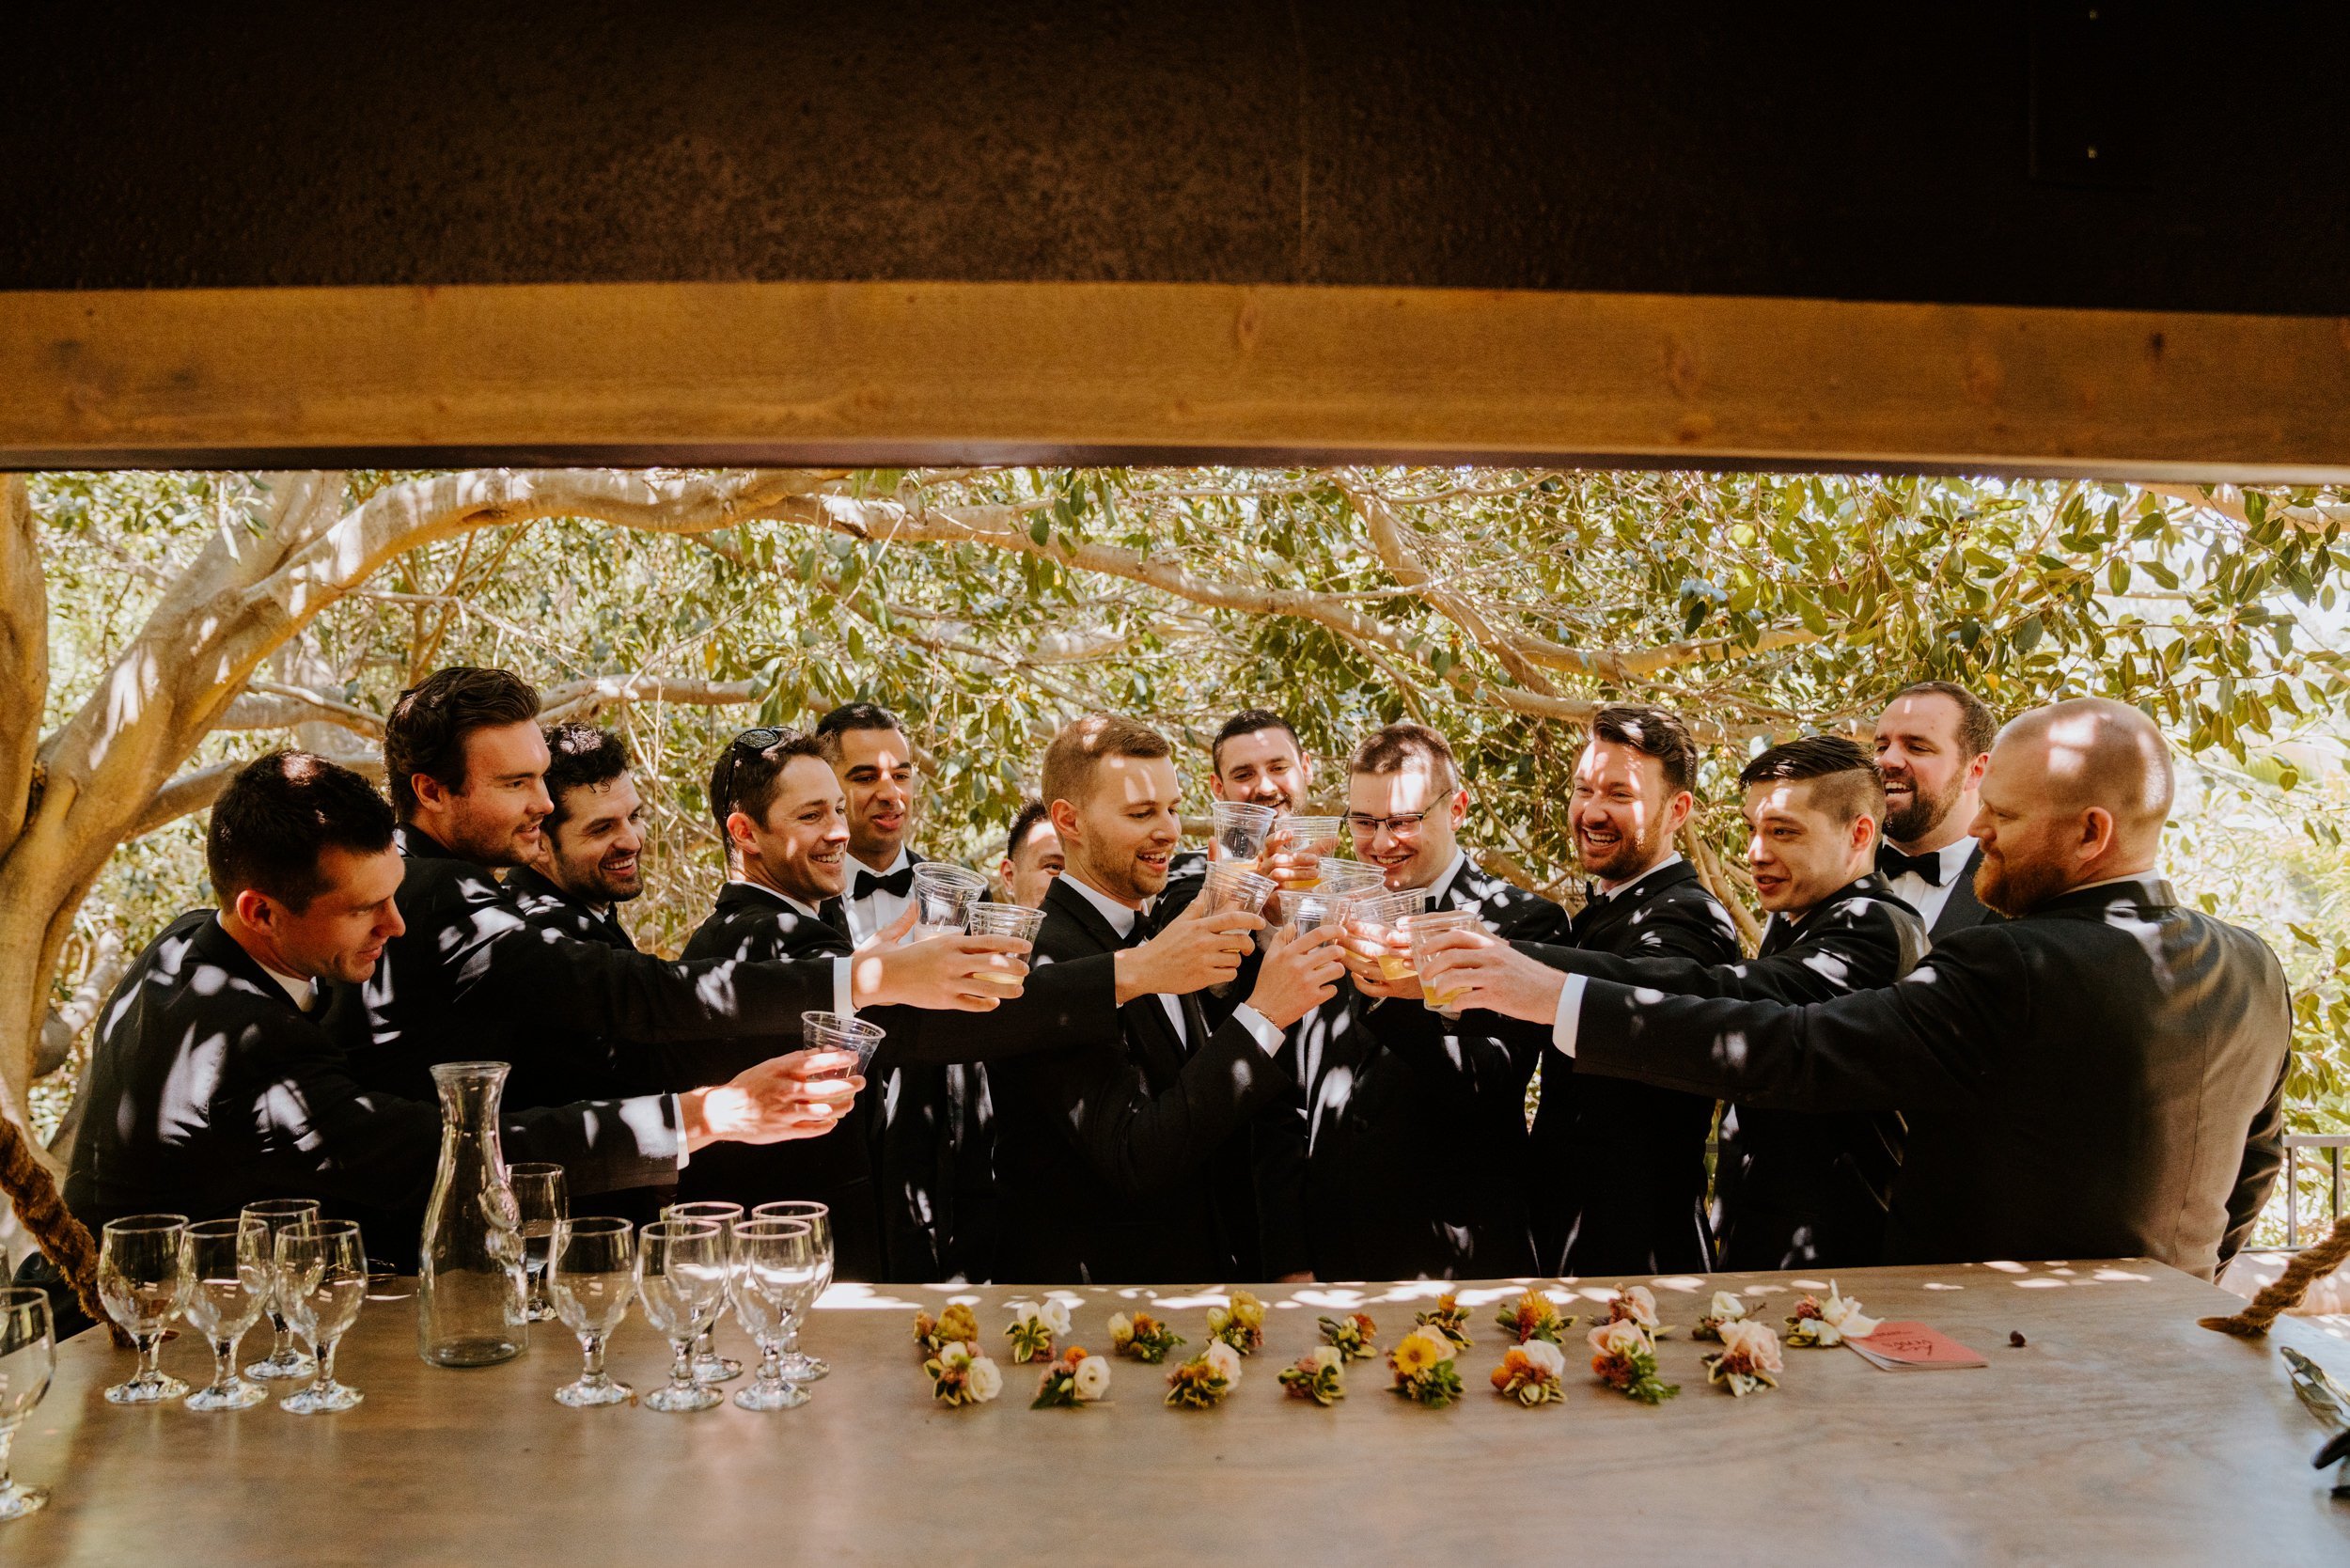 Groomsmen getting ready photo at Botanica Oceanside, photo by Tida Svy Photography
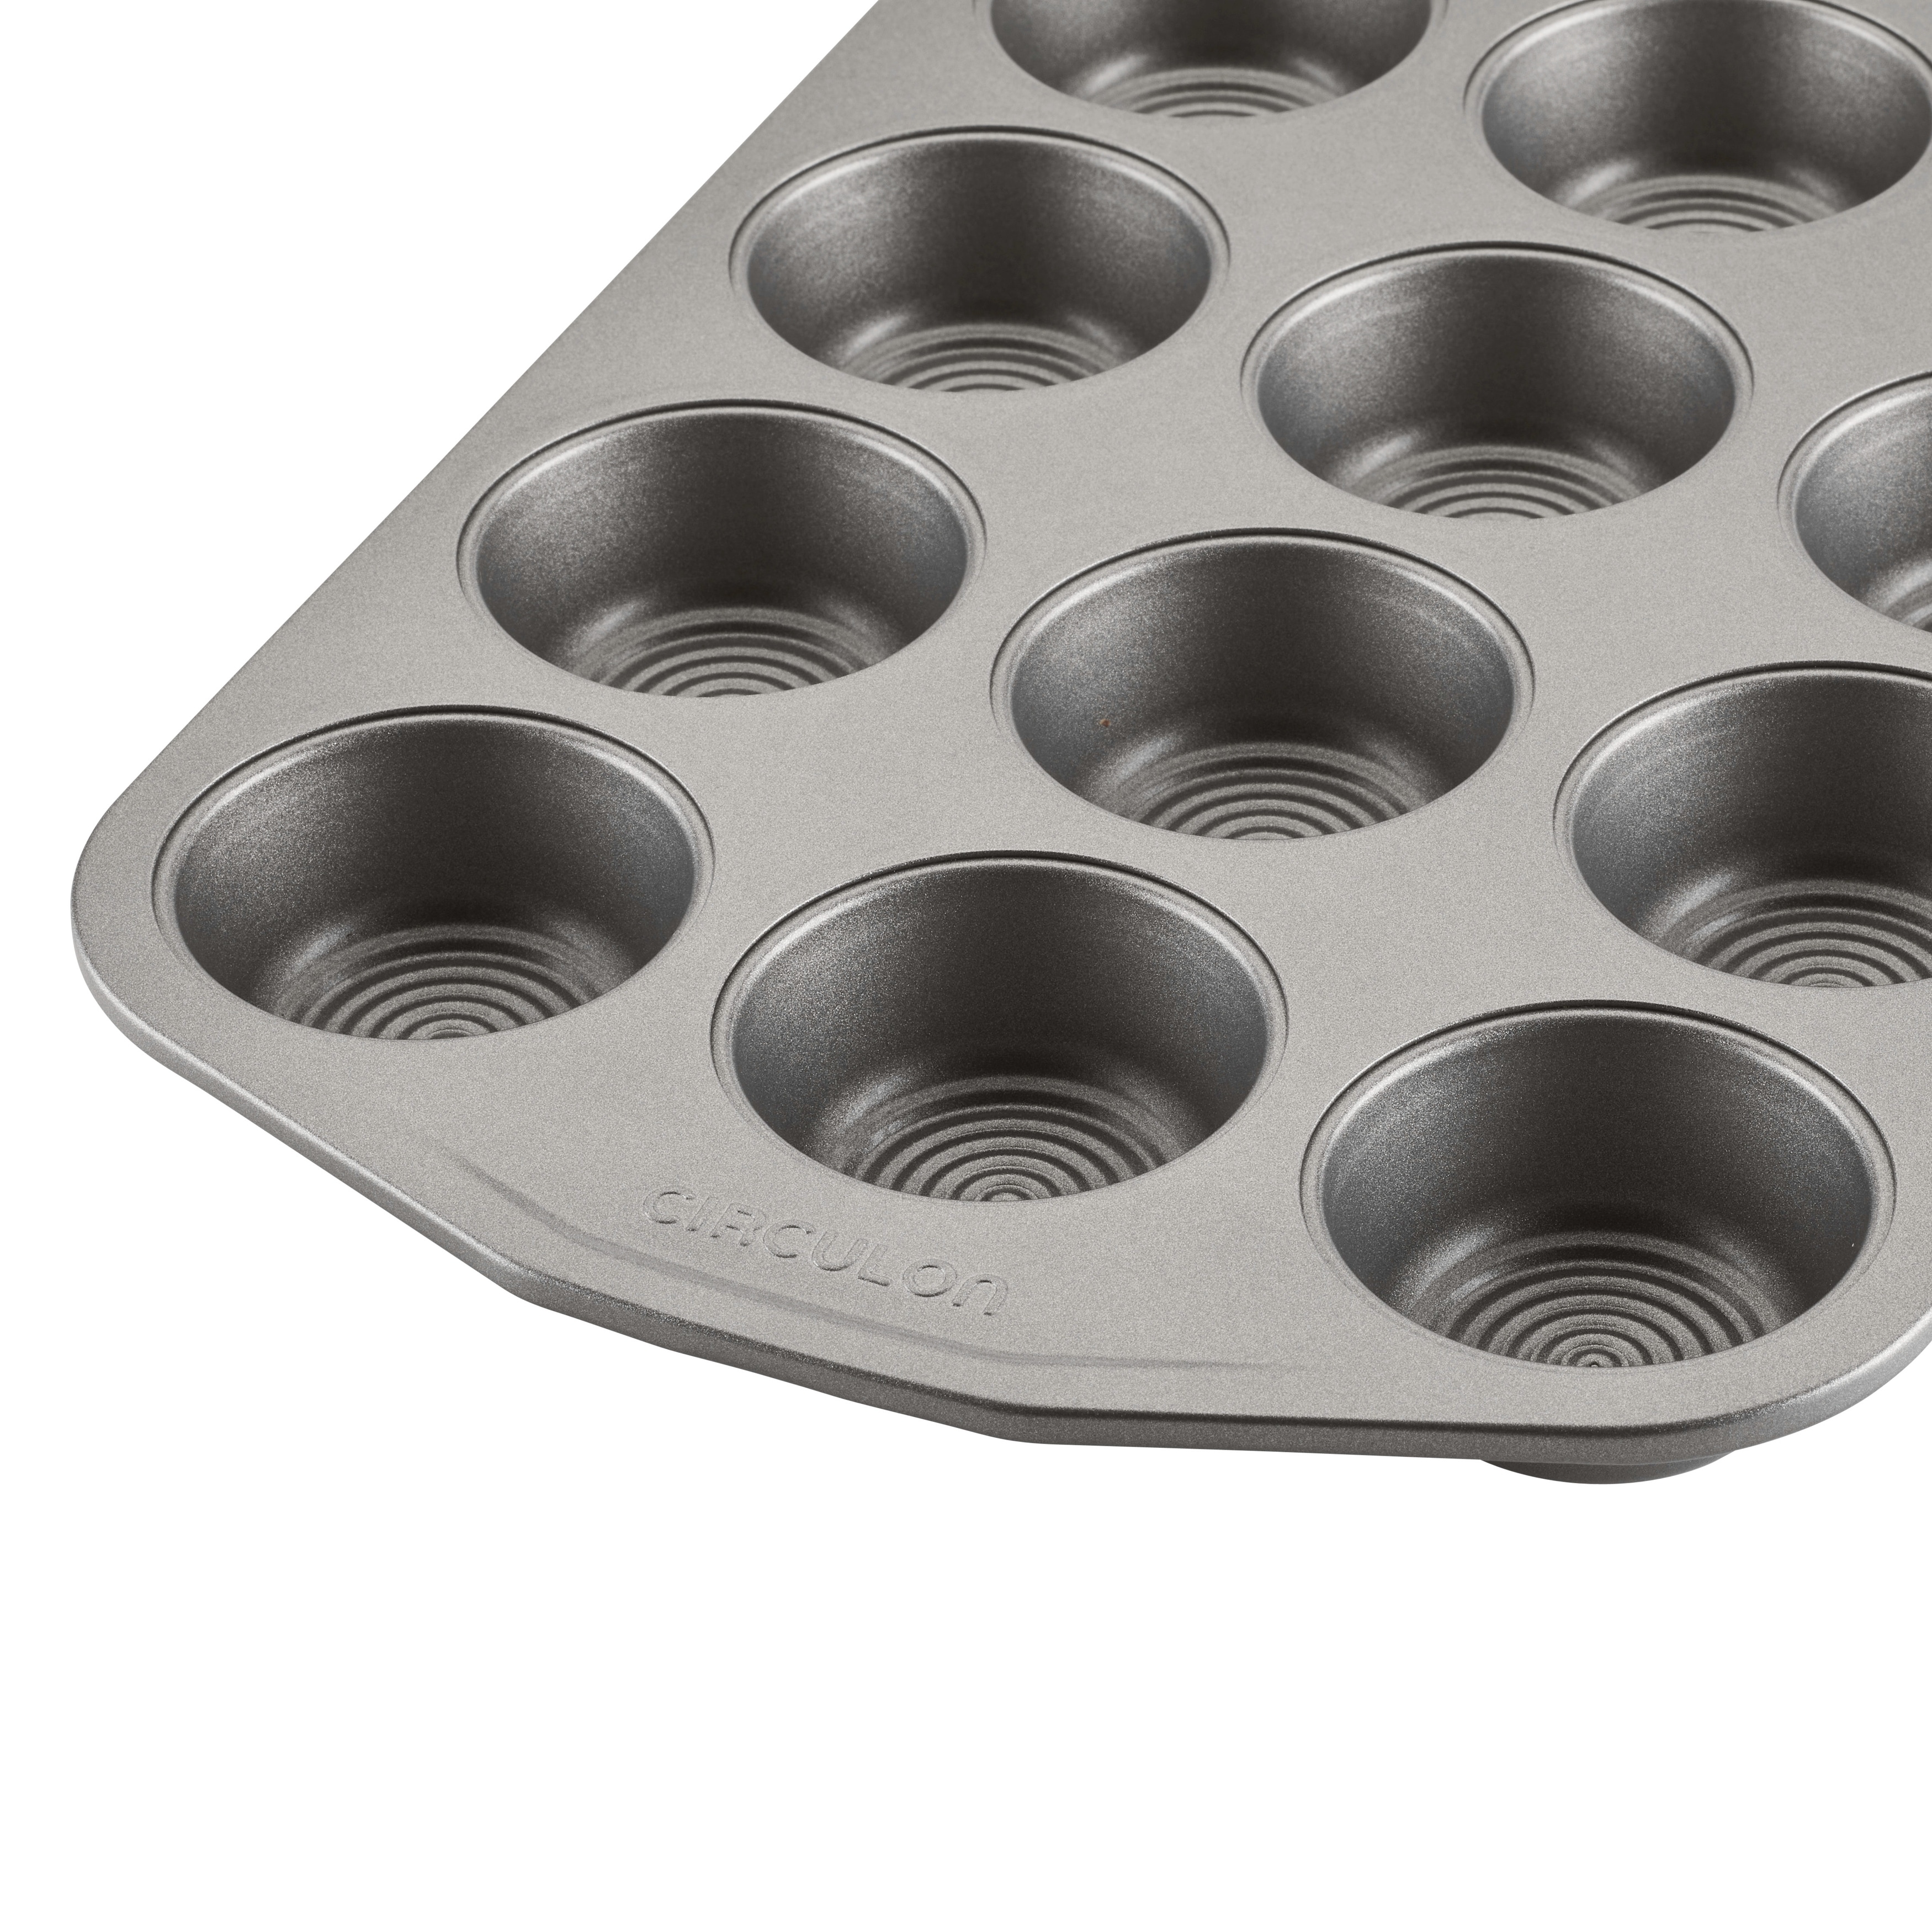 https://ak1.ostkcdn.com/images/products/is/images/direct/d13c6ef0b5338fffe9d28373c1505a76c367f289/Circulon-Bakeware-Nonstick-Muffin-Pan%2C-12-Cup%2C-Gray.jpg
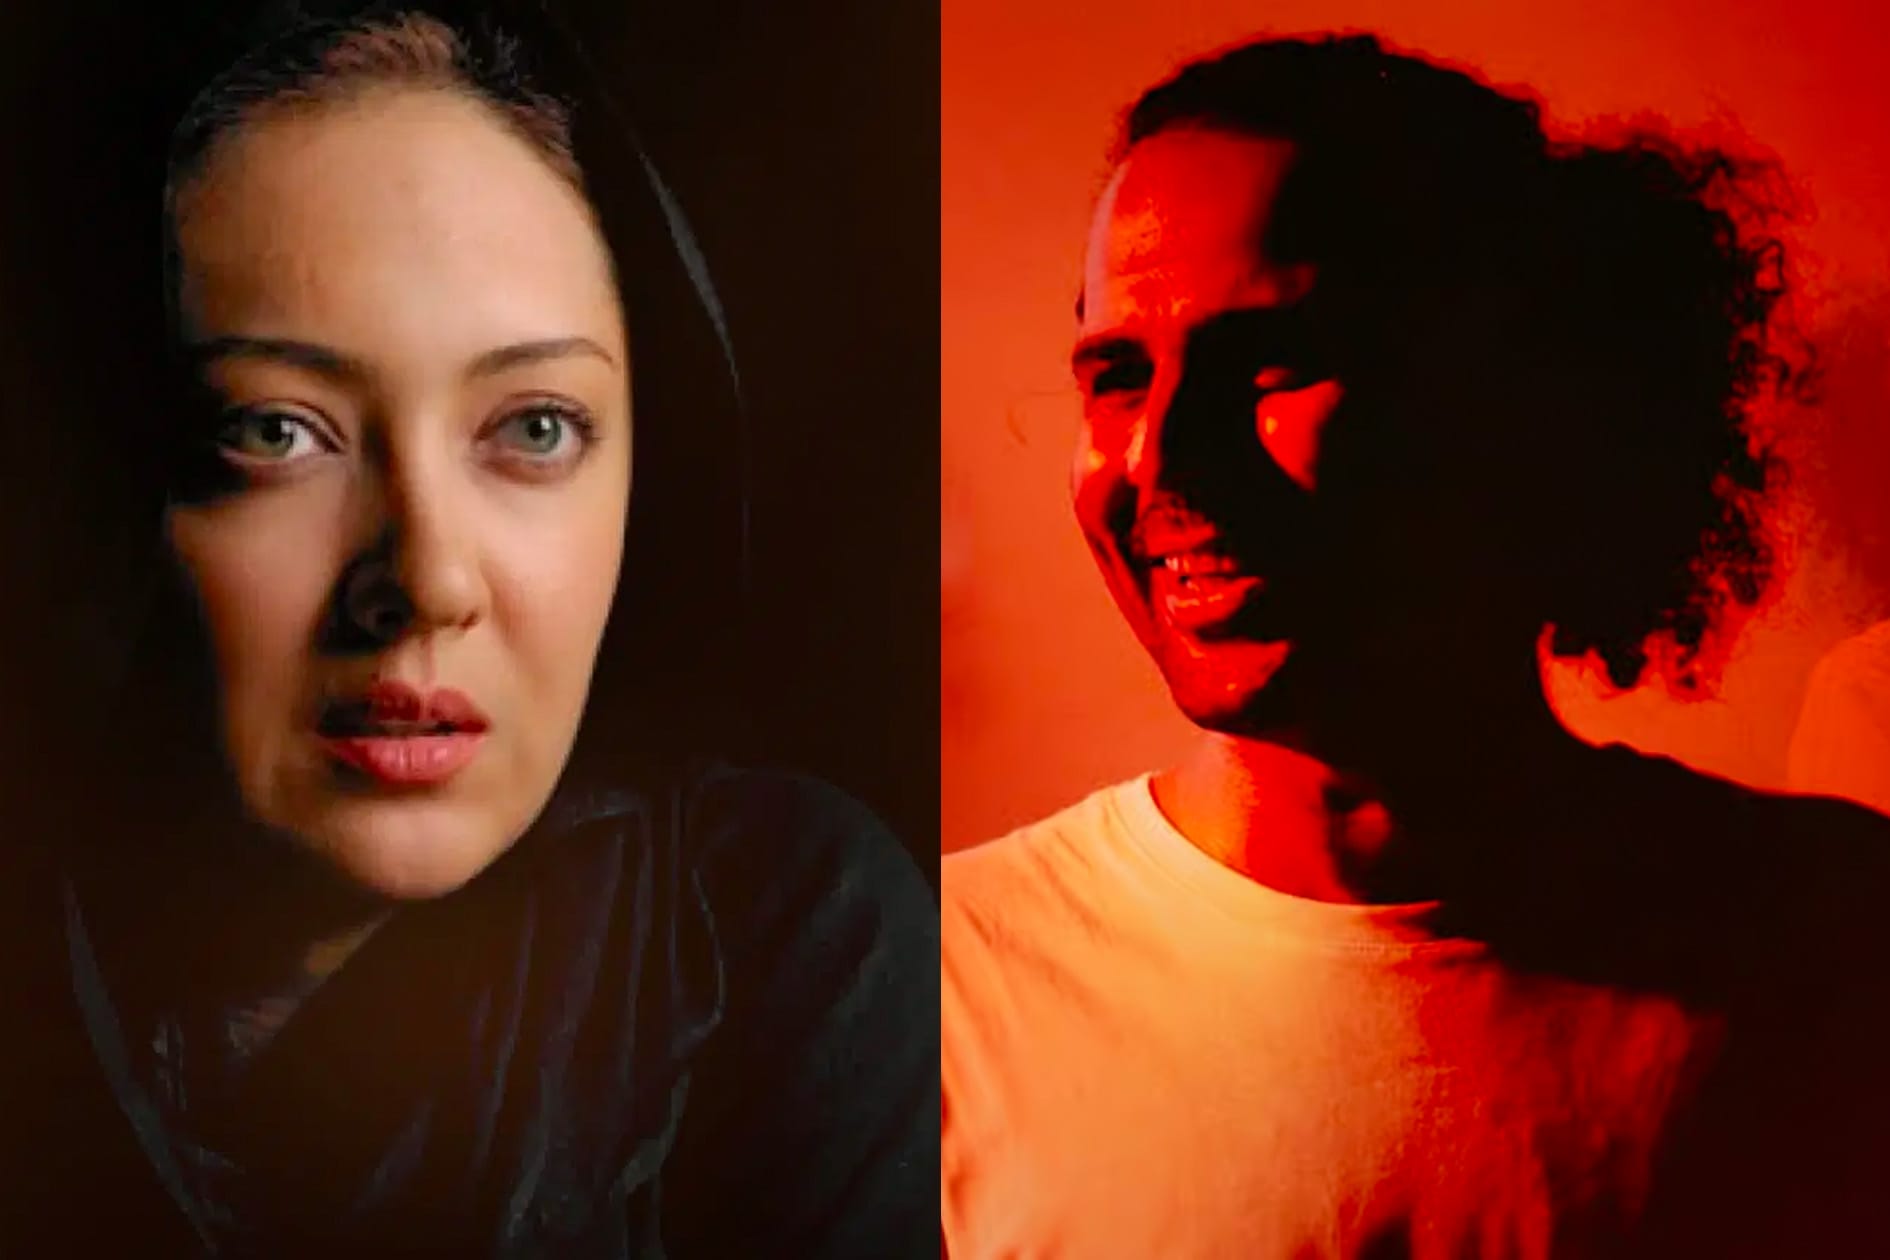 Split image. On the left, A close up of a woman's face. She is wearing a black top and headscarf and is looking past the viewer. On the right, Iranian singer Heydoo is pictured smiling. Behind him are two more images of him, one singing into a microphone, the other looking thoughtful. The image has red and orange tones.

> [WHAT YOU SHOULD DO]: Copy out the listing above in full and leave out its pictures.

> [WRITTEN RESPONSE]:
 Groomsmen getting ready photo at Botanica Oceanside, photo by Tida Svy Photography
 https://ak1.ostkcdn.com/images/products/is/images/direct/d13c6ef0b5338fffe9d28373c1505a76c367f289/Circulon-Bakeware-Nonstick-Muffin-Pan%2C-12-Cup%2C-Gray.jpg
 Split image. On the left, A close up of a woman's face. She is wearing a black top and headscarf and is looking past the viewer. On the right, Iranian singer Heydoo is pictured smiling. Behind him are two more images of him, one singing into a microphone, the other looking thoughtful. The image has red and orange tones.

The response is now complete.